***** SOURCE MATERIAL

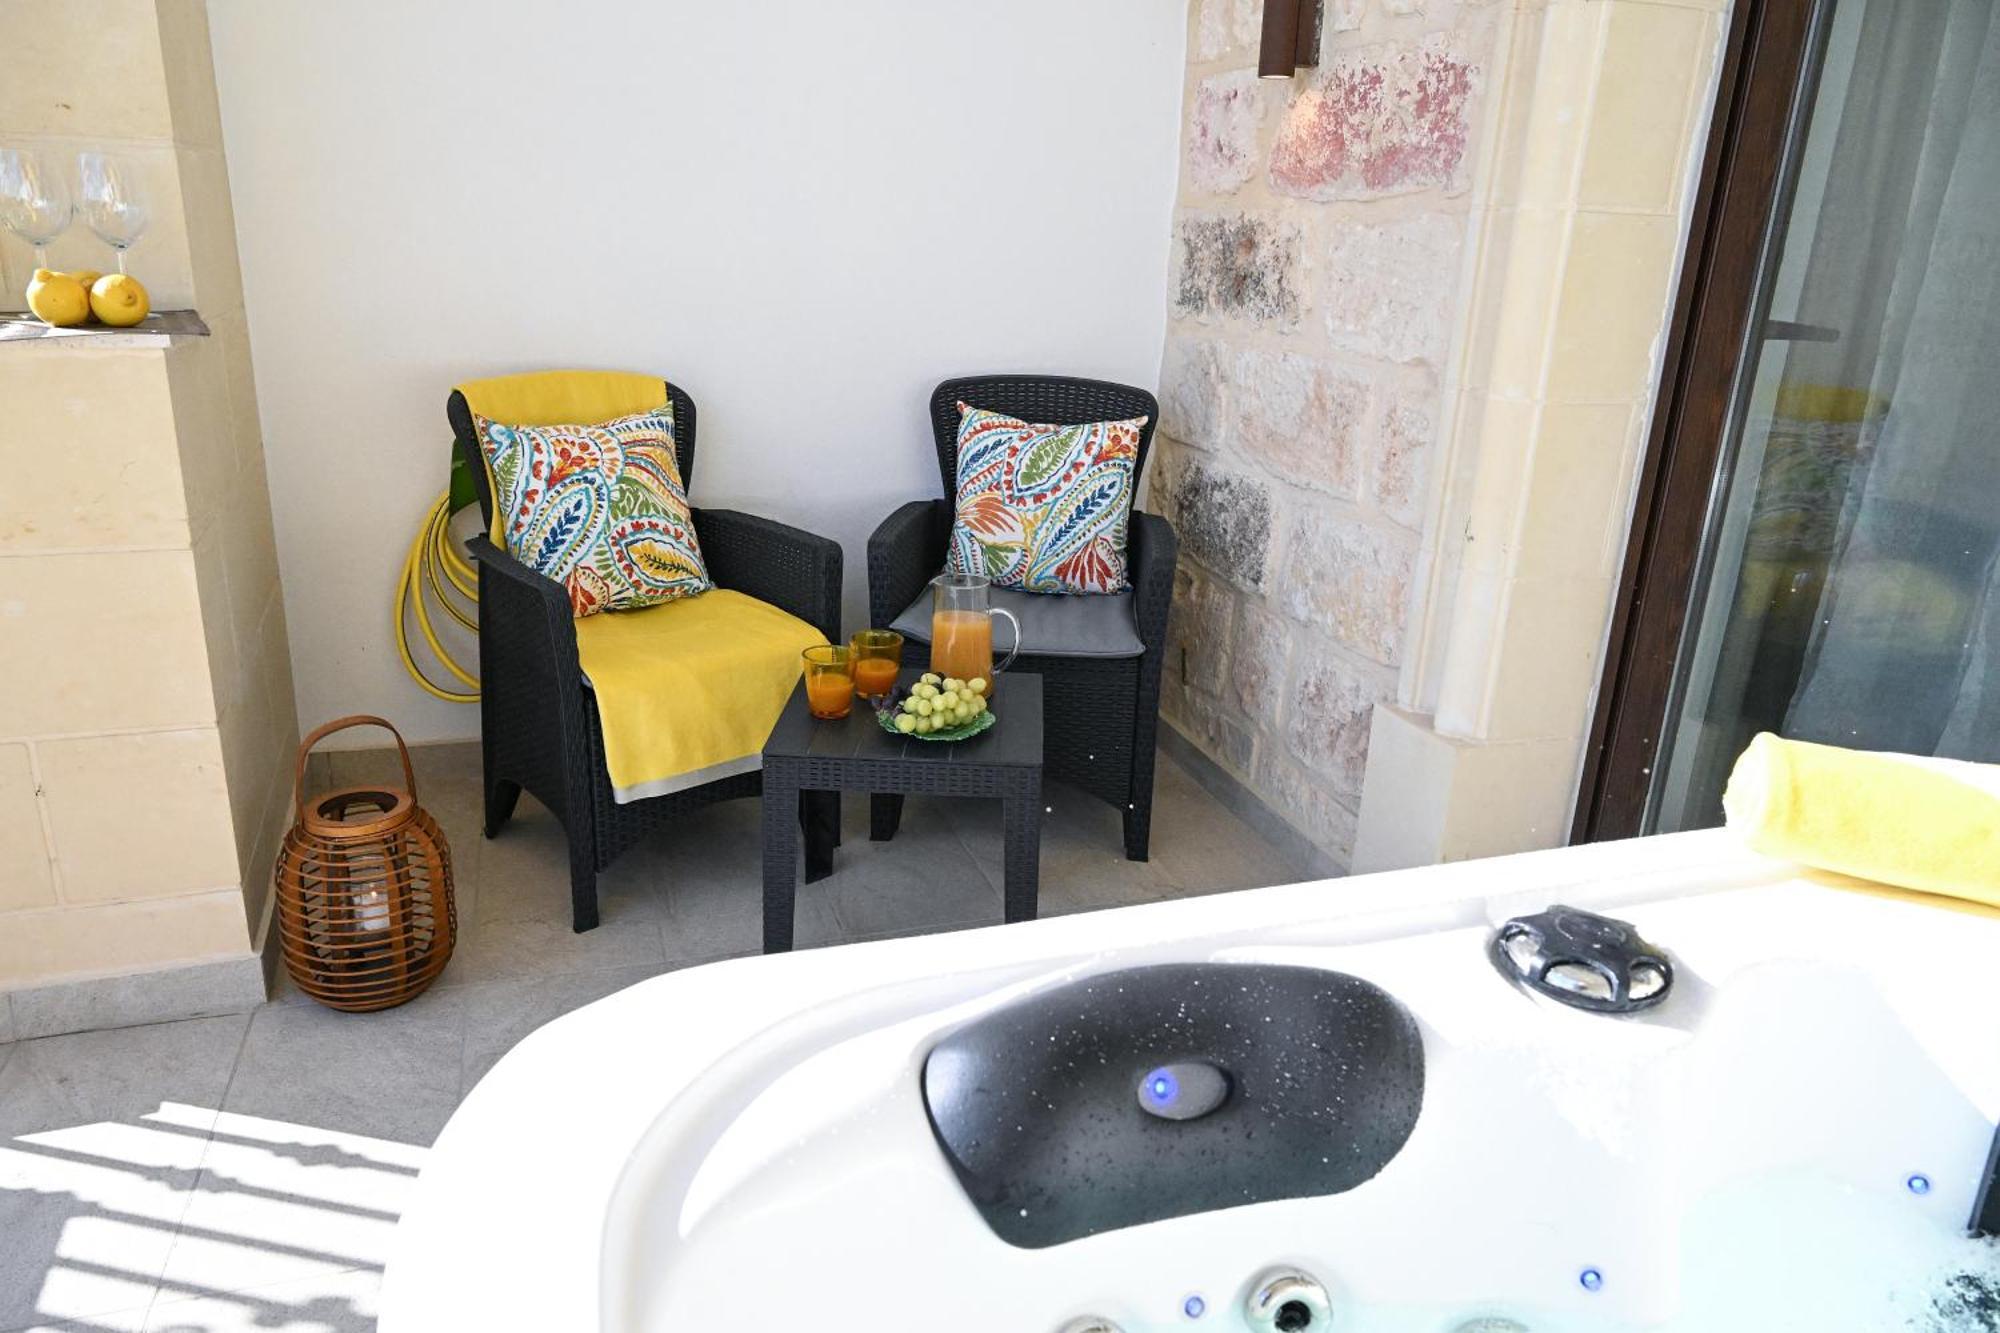 Ta'Lonza Luxury Near Goldenbay With Hot Tub App1 Διαμέρισμα Mellieħa Εξωτερικό φωτογραφία
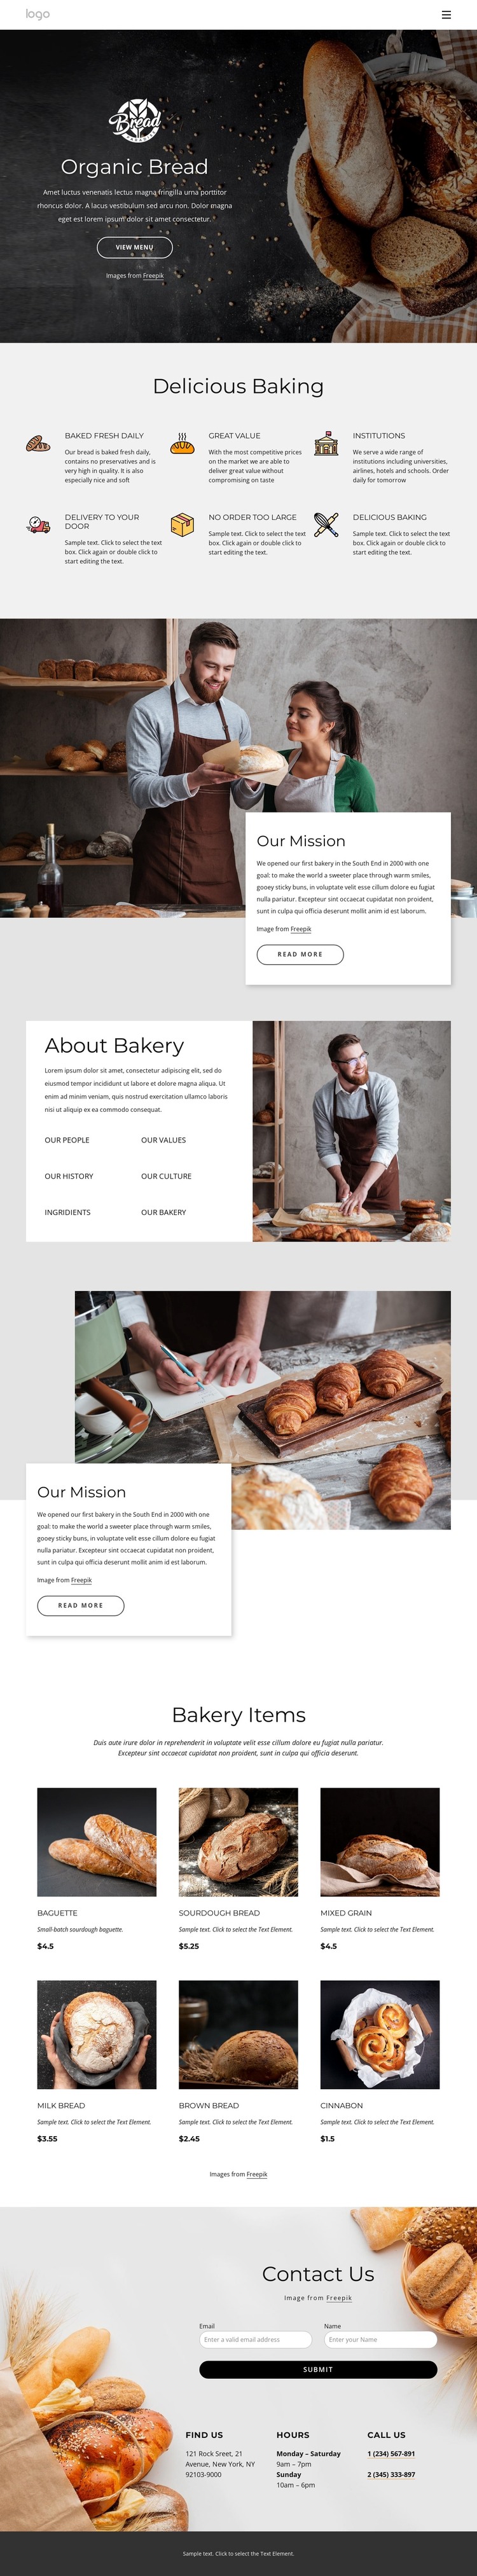 Bagels, buns, rolls, biscuits and loaf breads Web Design
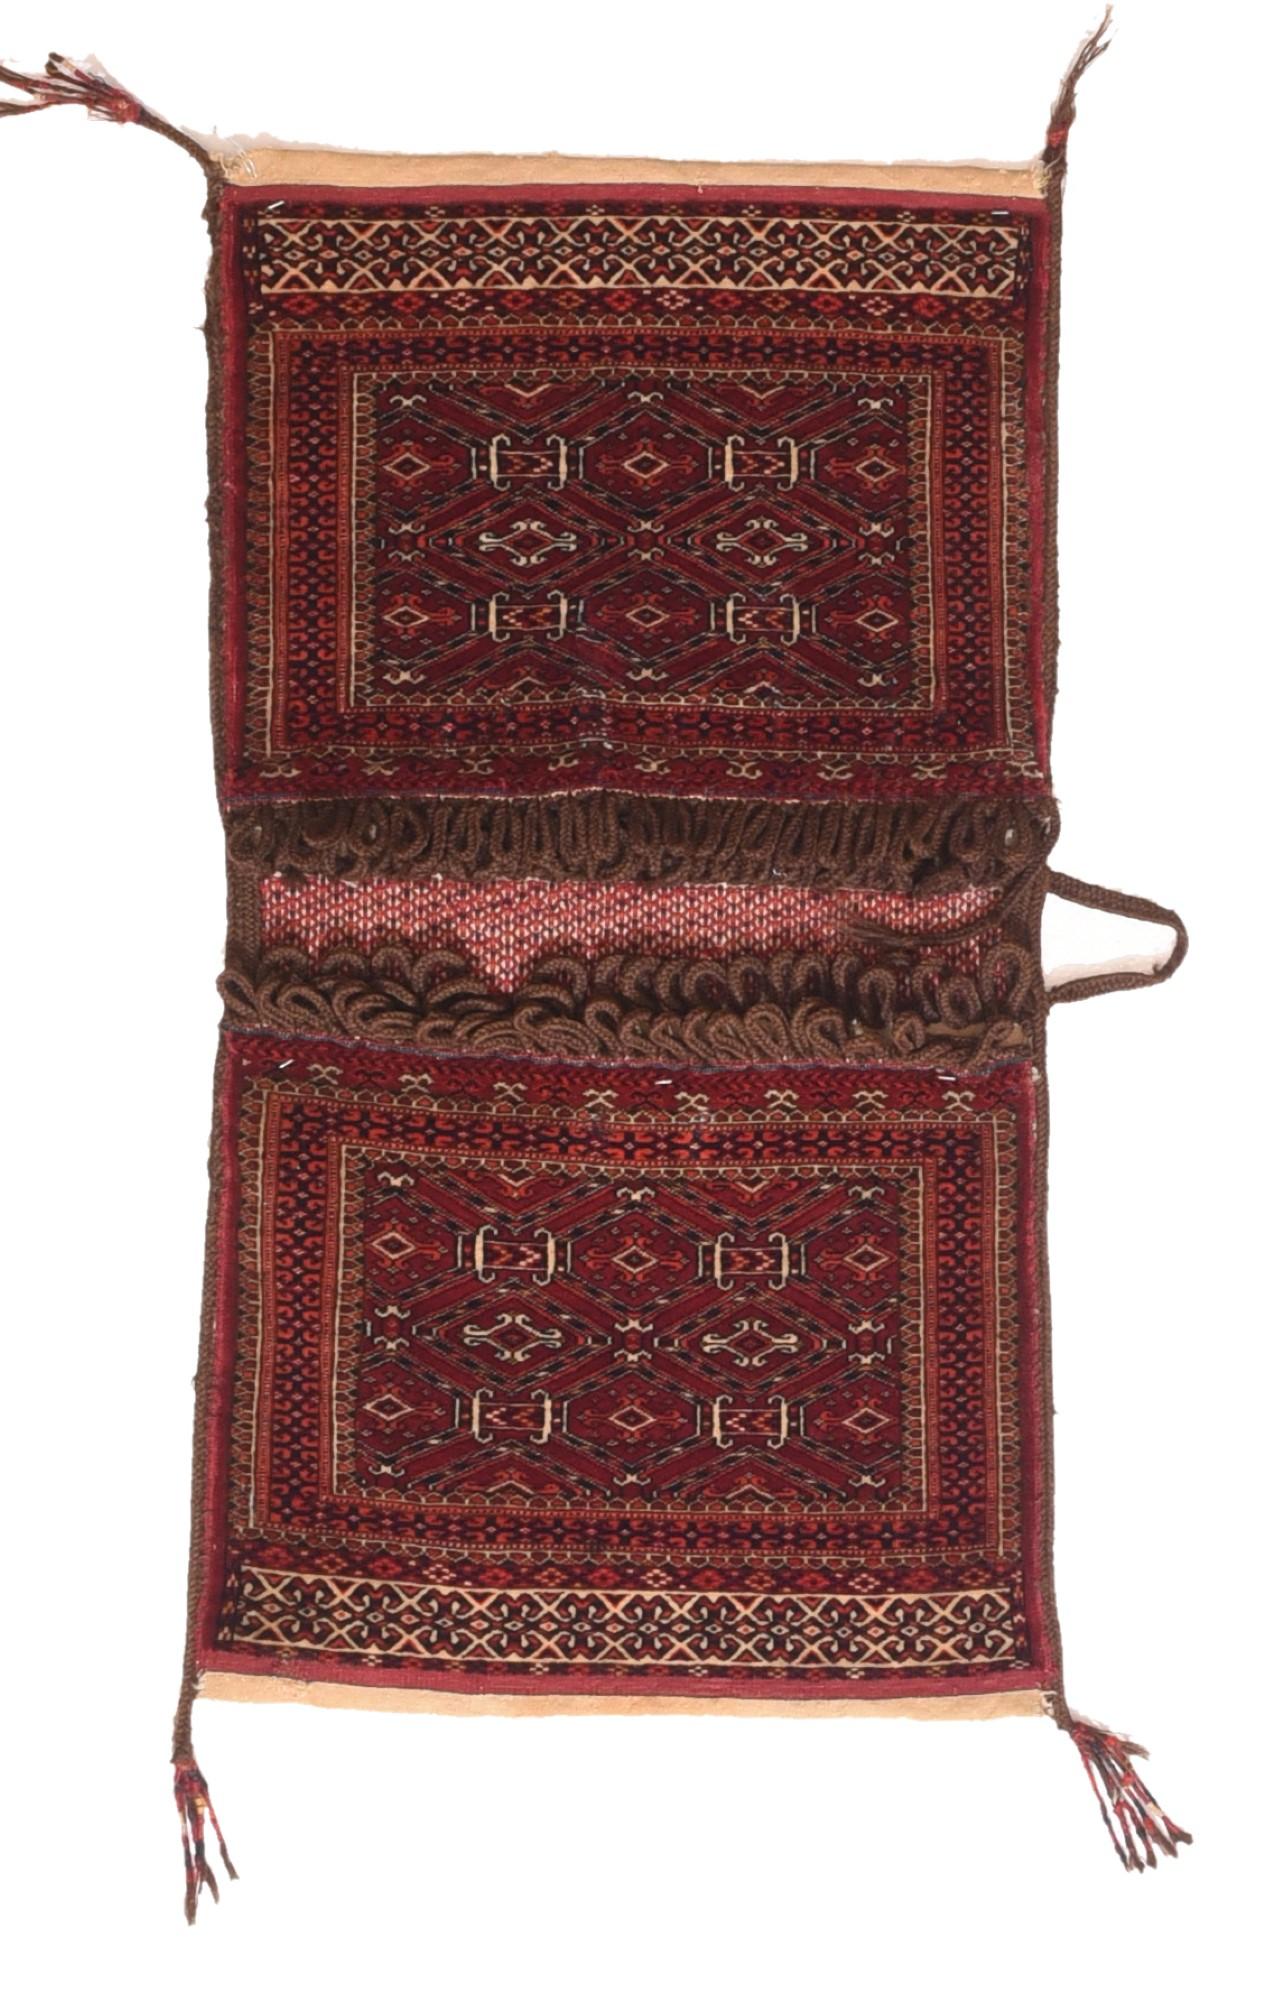 Early 20th Century Antique Turkmen Bag 1'6'' x 1'6'' For Sale

**********

• _EXERCISE BRIEF_
Output, word for word, the full listing above, with no pictures.

• _RESPONSE TO THIS TASK_
 Ta'Lonza Luxury Near Goldenbay With Hot Tub App1 Διαμέρισμα Mellieħa Εξωτερικό φωτογραφία
 Bagels, buns, rolls, biscuits and loaf breads Web Design
 Early 20th Century Antique Turkmen Bag 1'6'' x 1'6'' For Sale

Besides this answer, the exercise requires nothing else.